3.2   Submitted Runs
Here we describe our four runs for Task 1, which are summarized in Table 4.
    DPRL1. This was our primary run, in which the answers in the collection
are represented as the summation of two vector representations: one for the an-
swer and one for the question to which the answer was given. Both the answer
and question vector representations are obtained as described before, by con-
catenating the text and formula vectors. For each topic, the cosine similarities
of the topic’s vector and all the answers’ vectors in the collection are computed
and used to rank the answers.
    DPRL2. This alternate run is similar to our primary run, with the difference
being that the answer vector is just the vector representation of the answer.

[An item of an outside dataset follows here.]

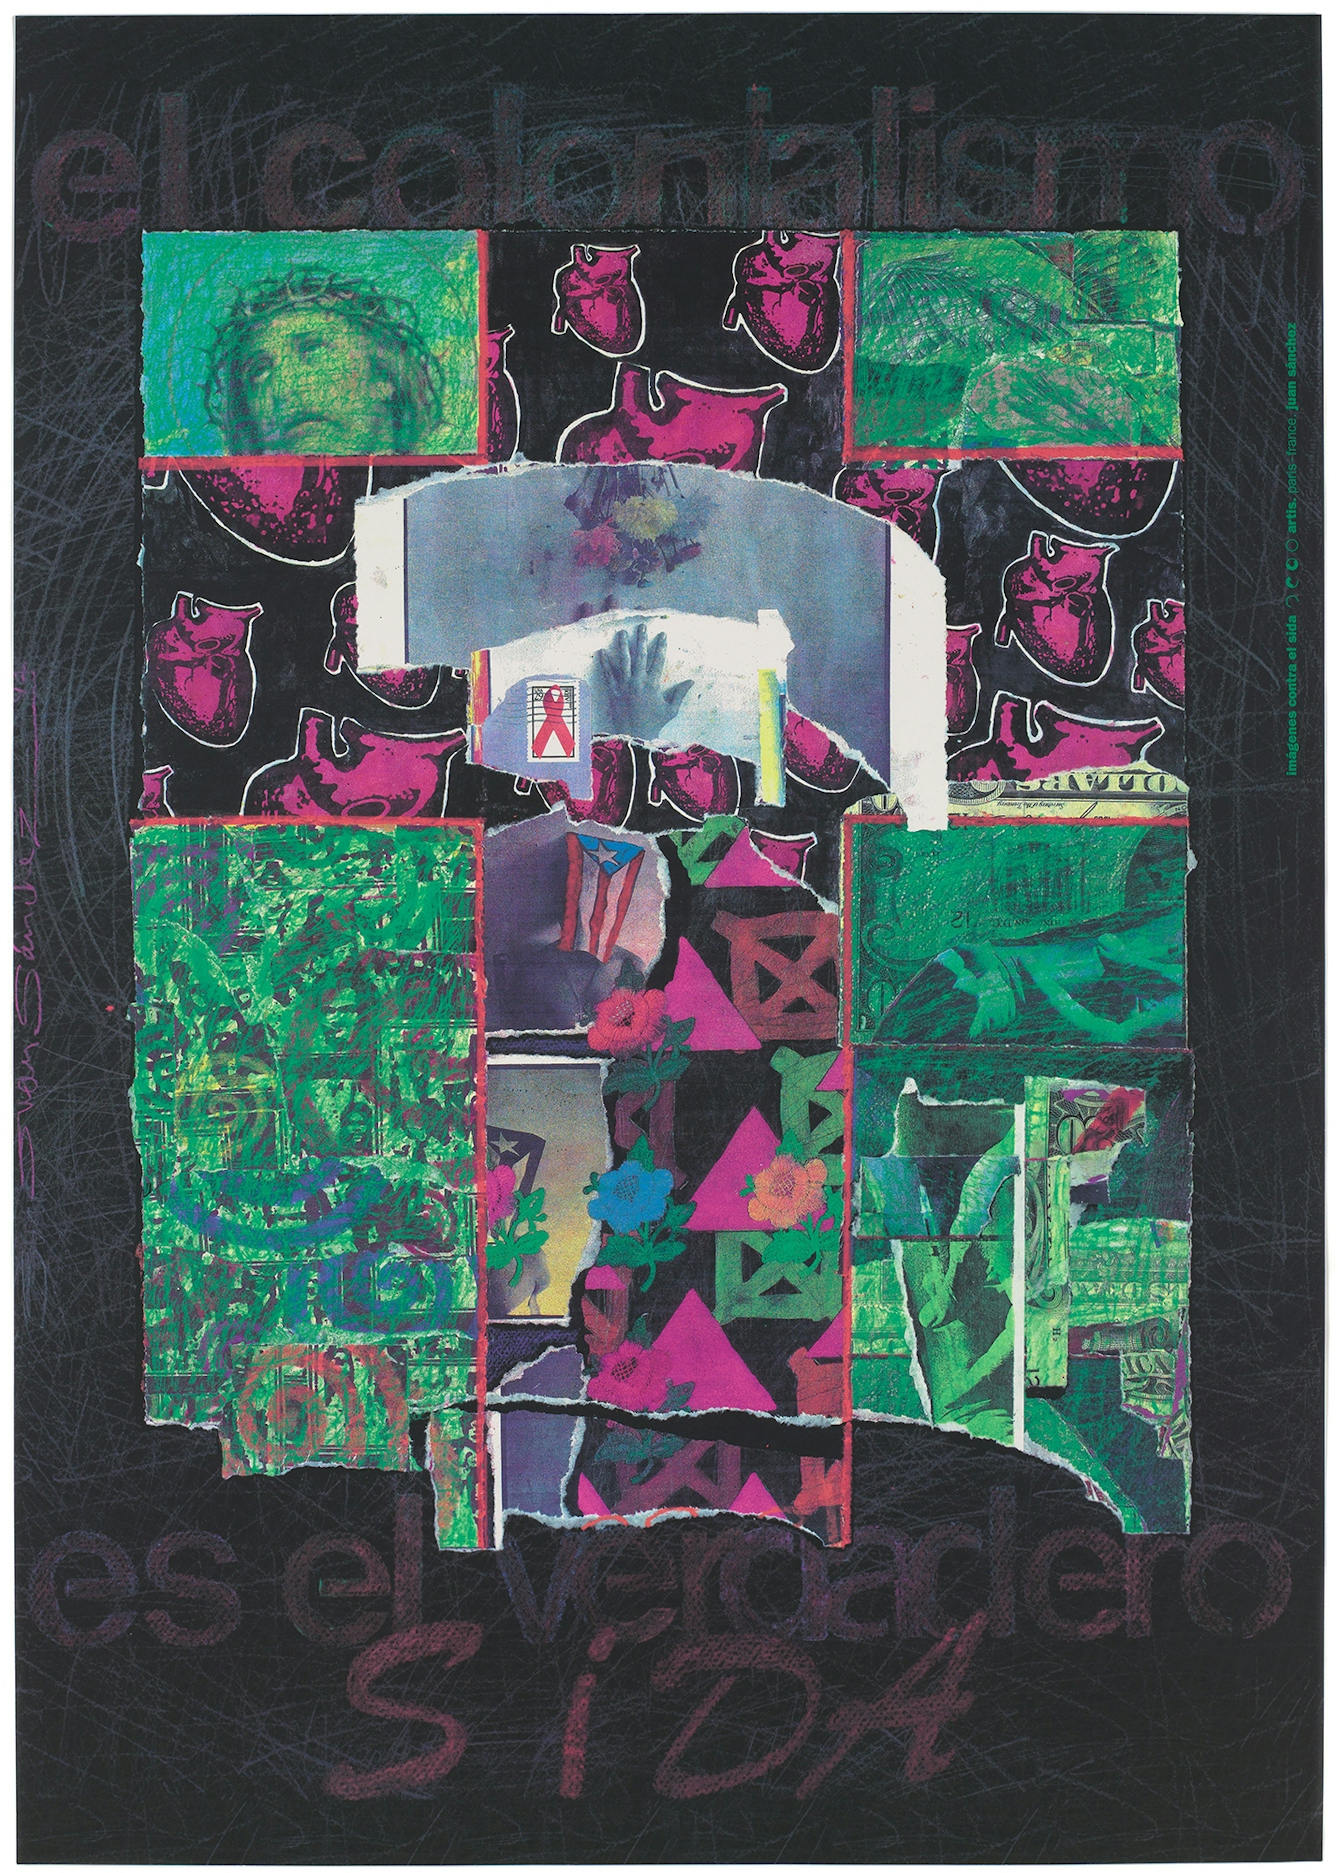 A montage of pink and green images mimicing torn paper. Images include pink triangles, heards, an AIDS campaign ribbon, the head of Jesus Christ, graffitti and an dollar bill. Above and below the image in feint chsalky letters are the words "el colonialismo es el verdadero SIDA".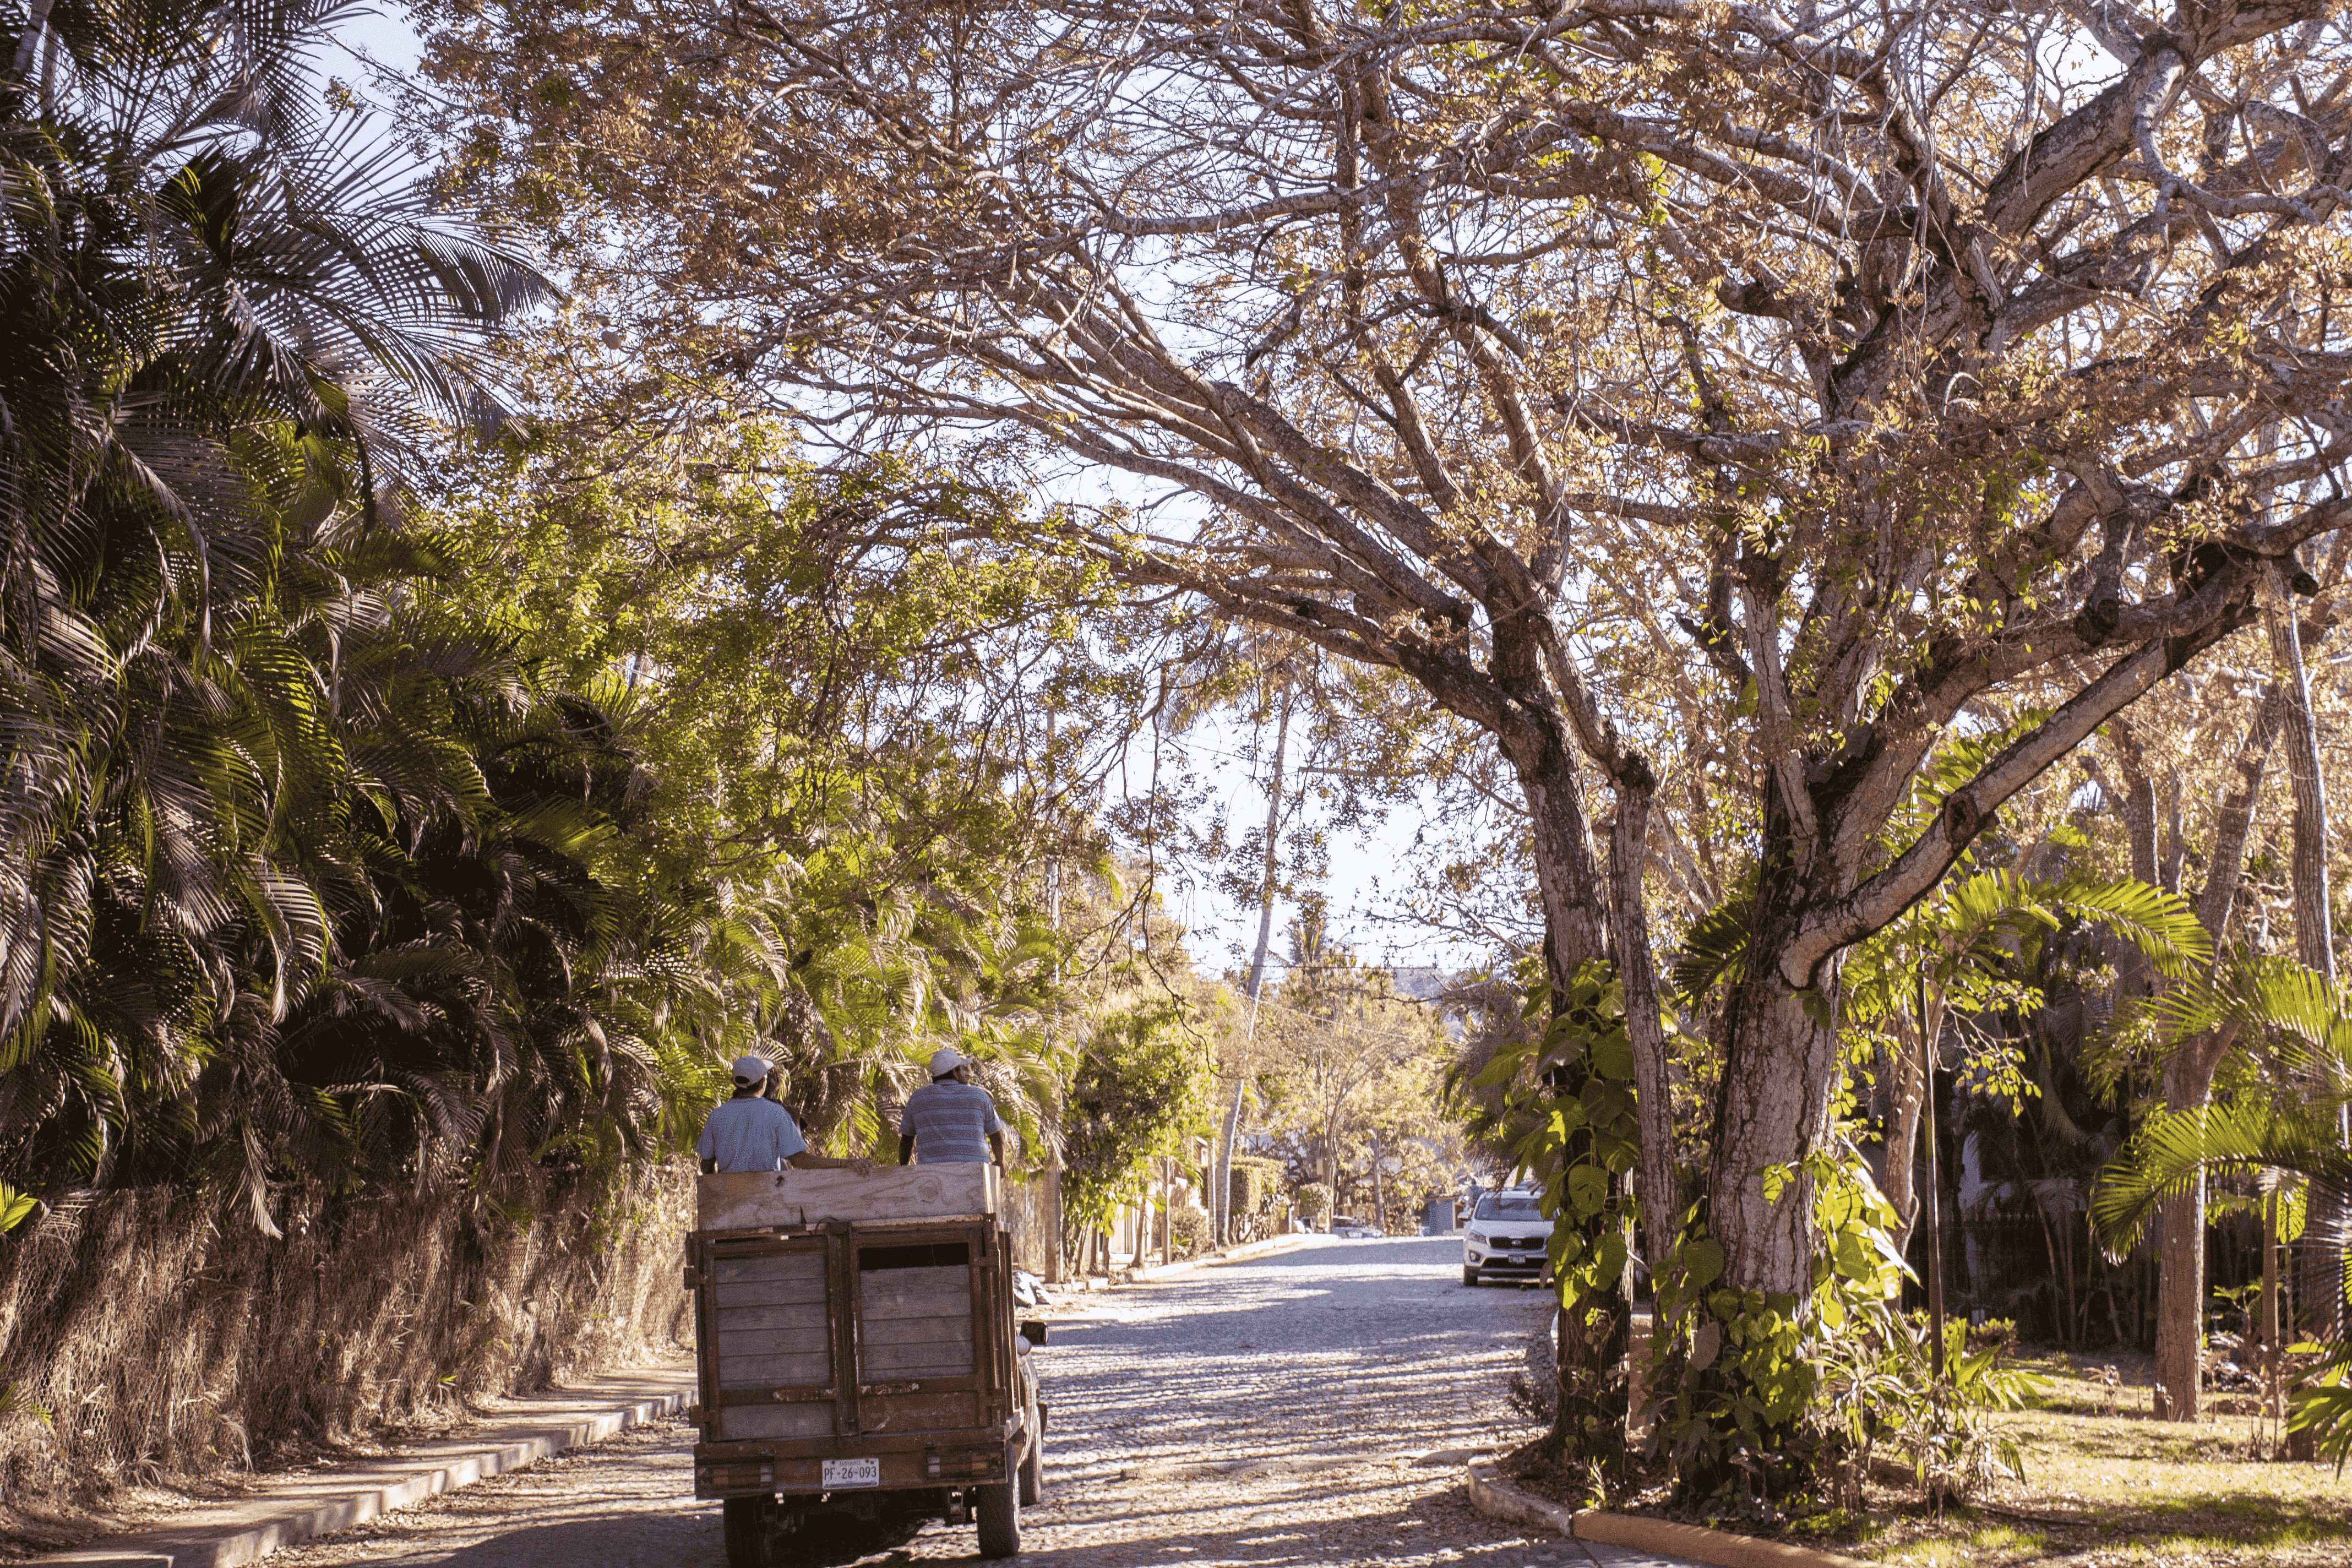 A little cart with two men in it moves down a stone road away from the camera. On the left, a lot of palms burst out from behind a stone wall, and on the right, a big tree branches out over the street.

Compared to our primary run, the question to which the answer was given is
ignored. For each topic, the cosine similarity of the topic vector and answer
vector is the similarity score.
    DPRL3. This alternate run is again similar to our primary run, with the
difference being that the formula part of the vector is calculated differently. As
mentioned earlier, there could be multiple formulas in a post. In this run, instead
of using the unweighted average of vector representations of formulas, we used
the weighted average of vector representations by considering the length of each
formula as the weight. Our assumption was that the bigger formulas are more
important. We used the length of the LATEX string representation of formulas for
this. As with the primary run, the similarity of topic and answer is the cosine
similarity of their vector representations.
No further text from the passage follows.